Die Legende von der Erschaffung der Krankenschwester

Als der liebe Gott die Krankenschwester schuf, machte er bereits den sechsten Tag Überstunden.
Da erschien ein Engel und sagte: „ Herr, Ihr bastelt aber lange an dieser Figur!“ Der liebe Gott antwortete: „ Hast Du die lange Liste der speziellen Wünsche auf der Bestellung gesehen?

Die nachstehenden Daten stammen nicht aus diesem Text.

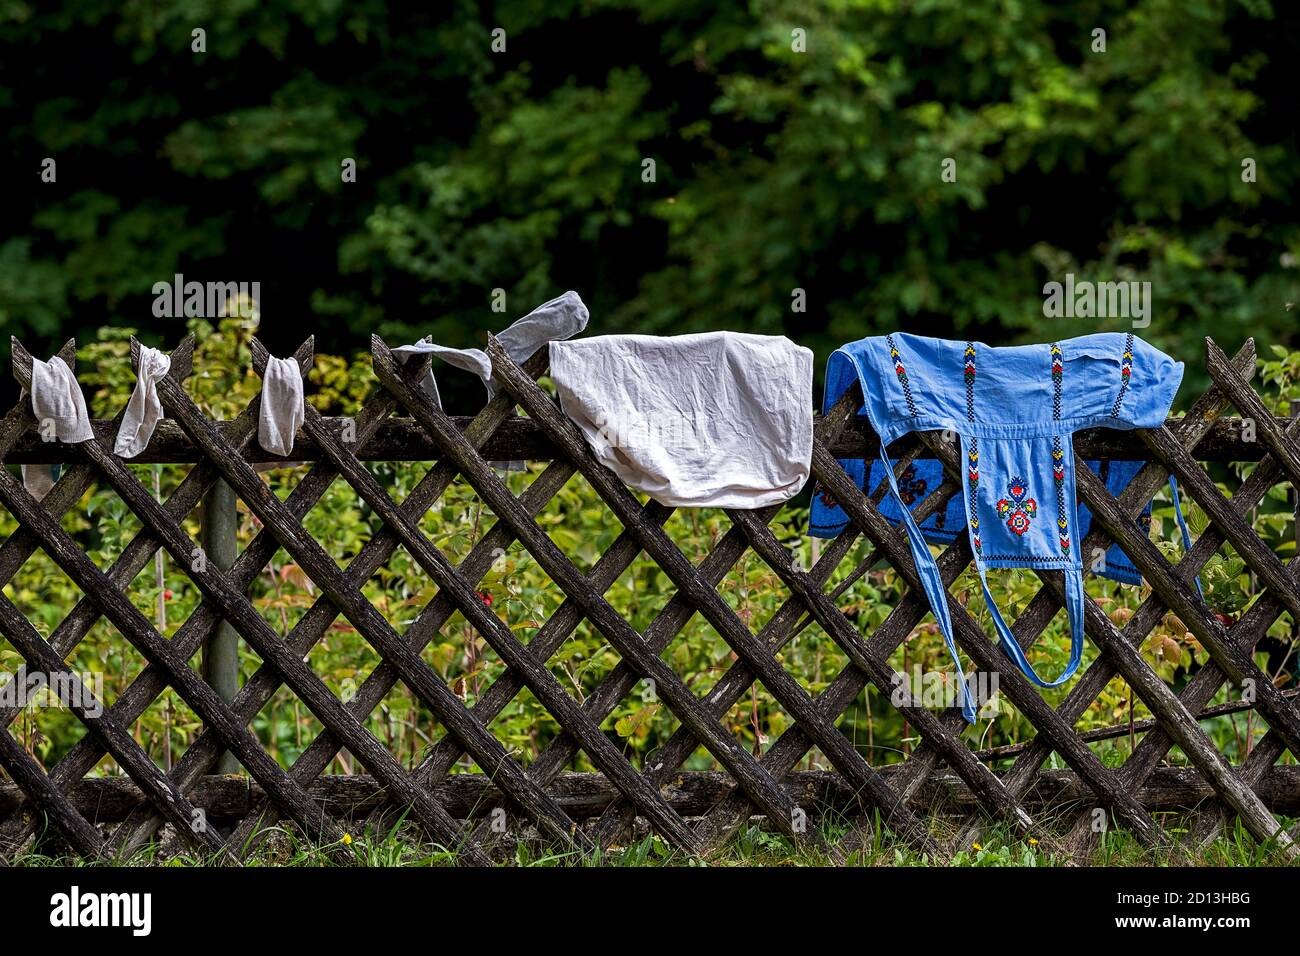 joli tablier de cuisine brodé, oreiller et chaussettes accrochés pour sécher sur une clôture Banque D'Images

Sie soll als Mann und Frau lieferbar sein, wartungsfrei und leicht zu desinfizieren, aber nicht aus Plastik, sie soll Nerven wie Drahtseile haben und einen Rücken, auf dem sich alles abladen lässt, dabei aber so zierlich, dass sie sich in viel zu kleinen Dienstzimmern wohlfühlen kann. Sie muss fünf Dinge zur gleichen Zeit tun können und soll dabei immer noch eine Hand frei haben.“
Da schüttelte der Engel den Kopf und sagte: „ Sechs Hände, das wird kaum gehen!“
„ Die Hände machen mir keine Kopfschmerzen“, sagte der liebe Gott, „ aber die drei Paar Augen, die schon das Standardmodell haben soll: ein Paar, das nachts durch alle Wände sehen kann, damit eine Nachtwache zwei Stationen betreuen kann, ein zweites Paar im Hinterkopf, mit dem sie sieht, was man vor ihr verbergen möchte, was sie aber unbedingt wissen muss, und natürlich das eine hier vorn, mit dem sie einen Patienten ansehen kann uns ihm bedeutet: „ Ich verstehe sie und bin für Sie da“, ohne dass sie ein Wort sprechen muss“
Der Engel zupfte ihn leicht am Ärmel und sagte: „ Geht schlafen Herr und macht morgen weiter.“- „ Ich kann nicht“, sagte der liebe Gott. „ Ich habe bereits geschafft, dass sie fast nie krank wird, und wenn, dann heilt sie sich selber; sie kann begreifen, dass zehn Doppelzimmer 40 Patienten bedeuten kann, aber zehn Stellen oft nur 5 Schwestern sind; sie hat Freude an einem Beruf, der alles fordert und schlecht bezahlt wird, sie kann mit Schaukelschichten leben und kommt mit wenigen freien Wochenenden aus.“
Der Engel ging langsam um das Modell der Krankenschwester herum: „ Das Material ist zu weich“, seufzte er. „ Aber dafür zäh“, entgegnete der liebe Gott. „ Du glaubst gar nicht, was es alles aushält!“ – „ Kann sie denken?“ – „ Nicht nur denken, sondern auch urteilen und Kompromisse schließen“, sagte der liebe Gott.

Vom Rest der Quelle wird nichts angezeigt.